■ **Exercise description**: An unchanged copy of all the lines below is expected, and it should contain no pictures.

++++ Source data

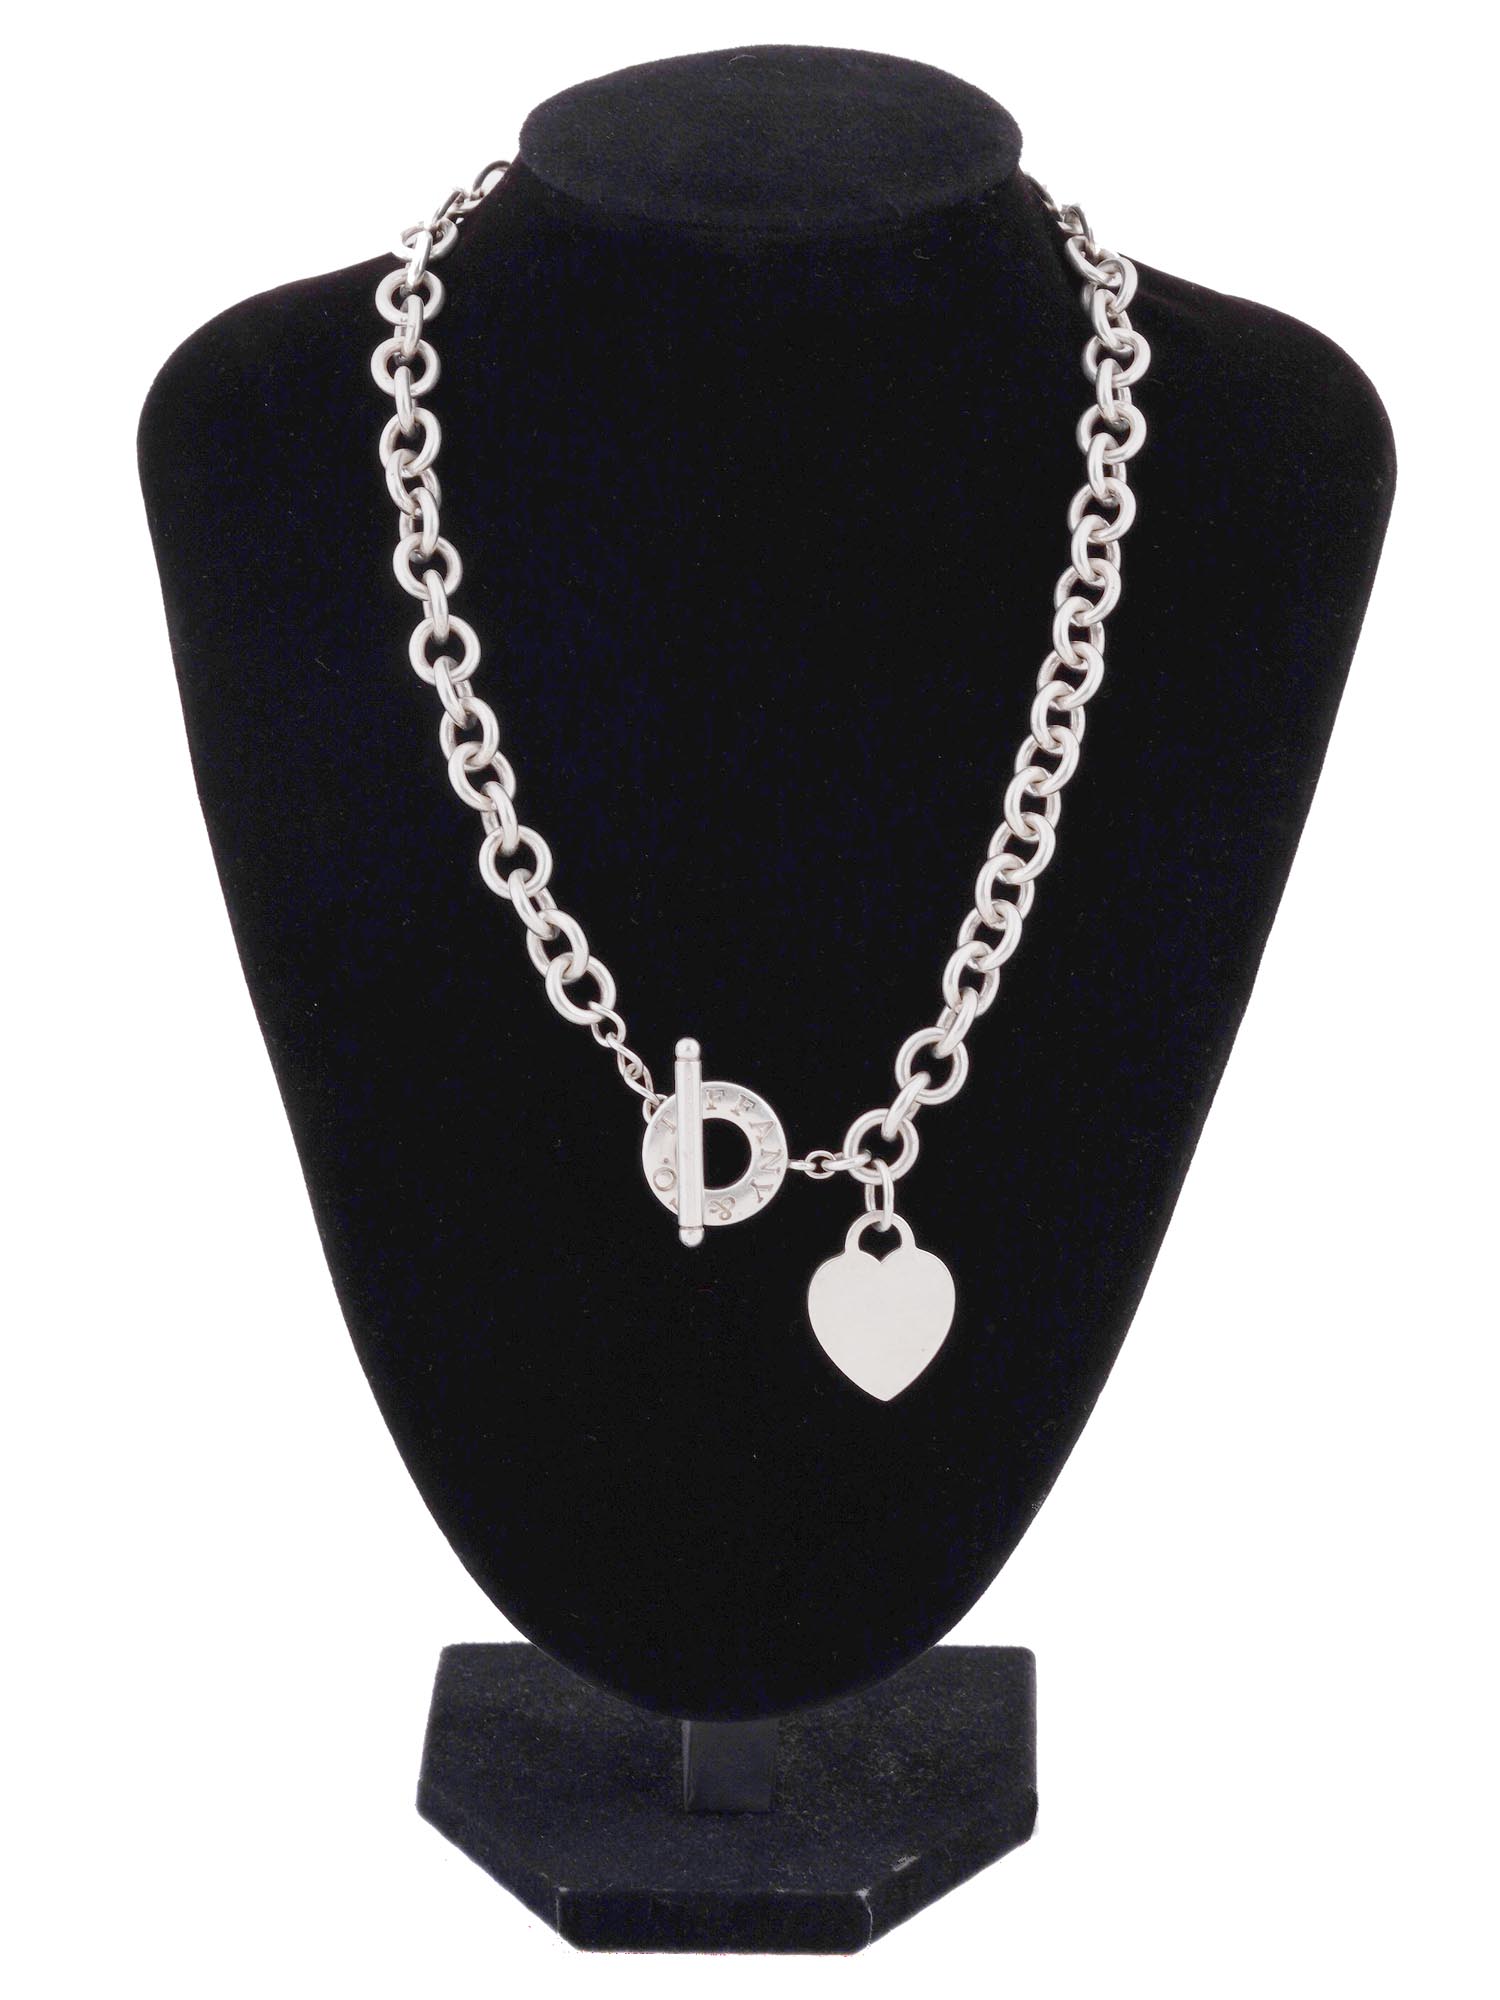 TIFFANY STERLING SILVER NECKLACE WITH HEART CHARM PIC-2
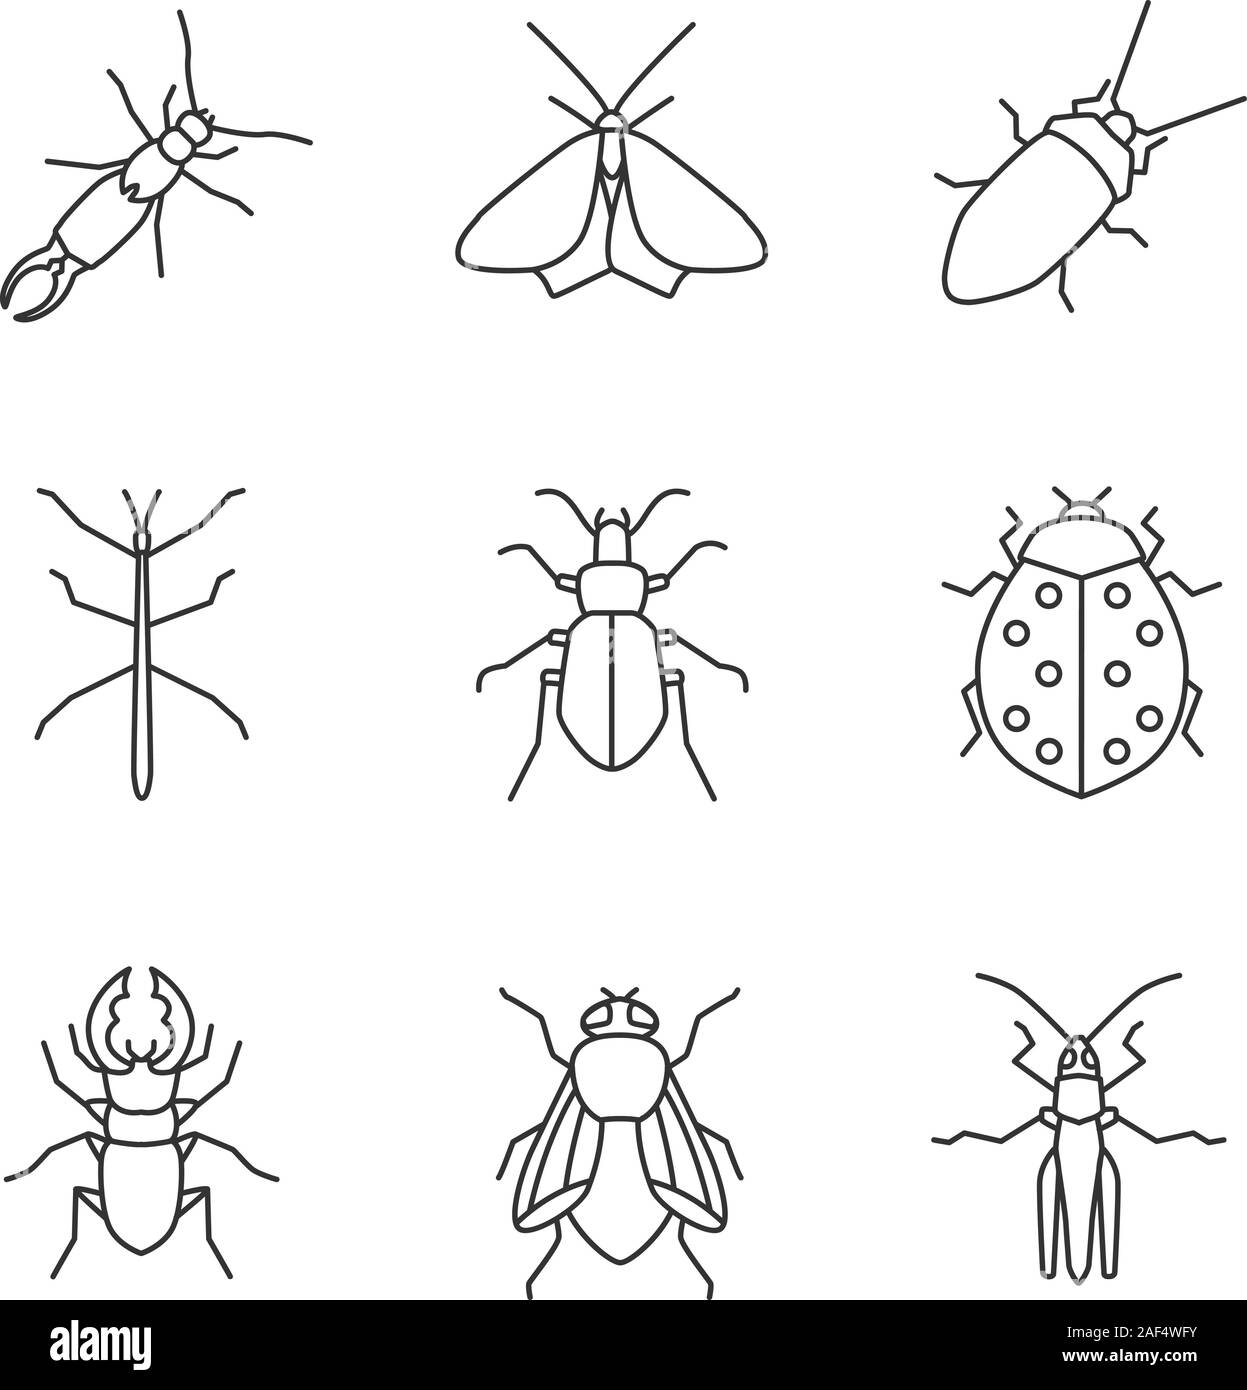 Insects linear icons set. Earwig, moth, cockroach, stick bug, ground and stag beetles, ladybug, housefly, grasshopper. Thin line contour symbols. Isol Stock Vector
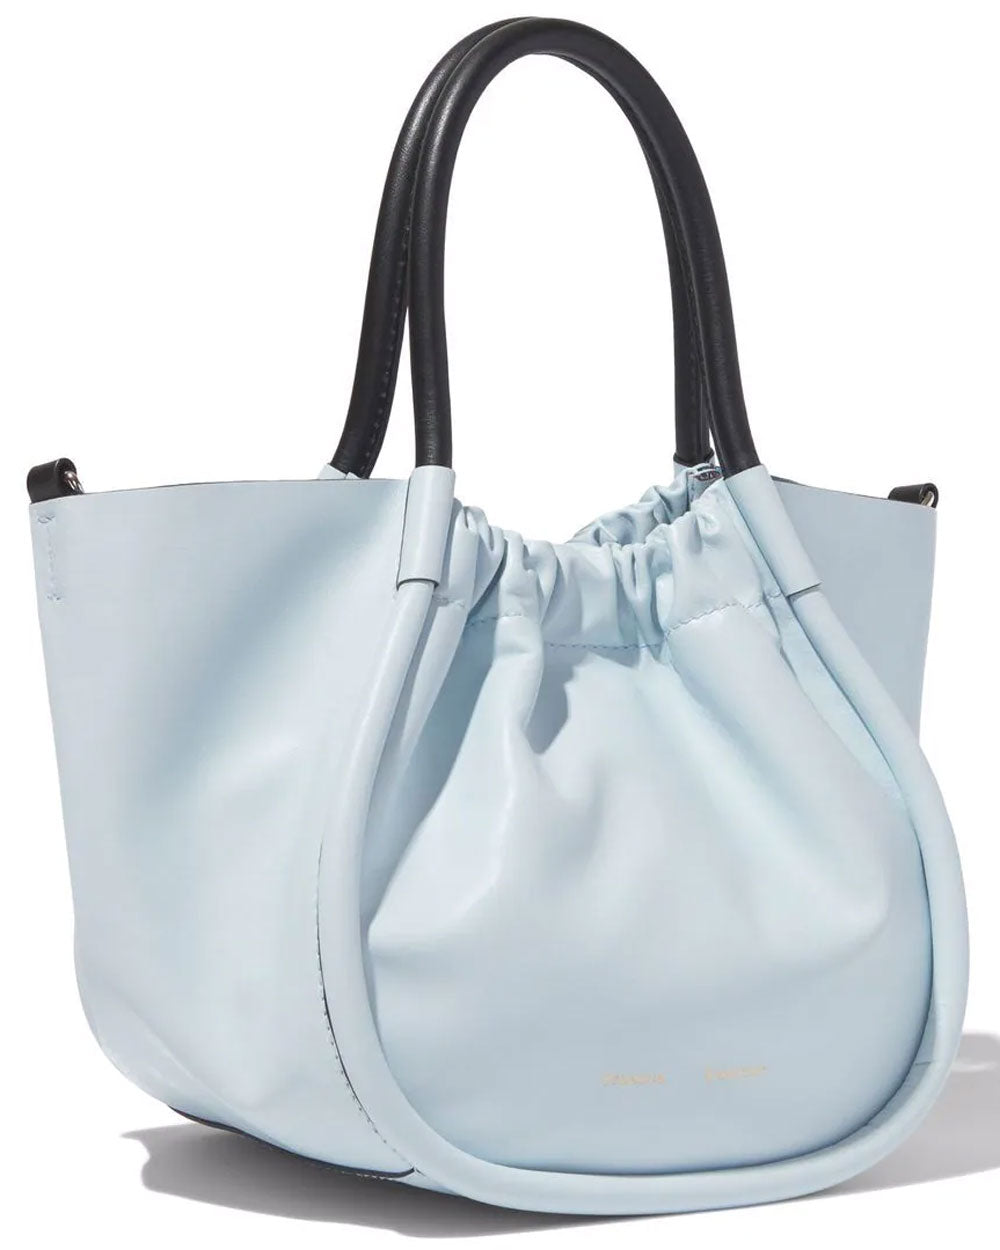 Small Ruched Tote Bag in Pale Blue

++++++++

■ **Result**:
 TIFFANY STERLING SILVER NECKLACE WITH HEART CHARM PIC-2
 Insects linear icons set. Earwig, moth, cockroach, stick bug, ground and stag beetles, ladybug, housefly, grasshopper. Thin line contour symbols. Isol Stock Vector
 Small Ruched Tote Bag in Pale Blue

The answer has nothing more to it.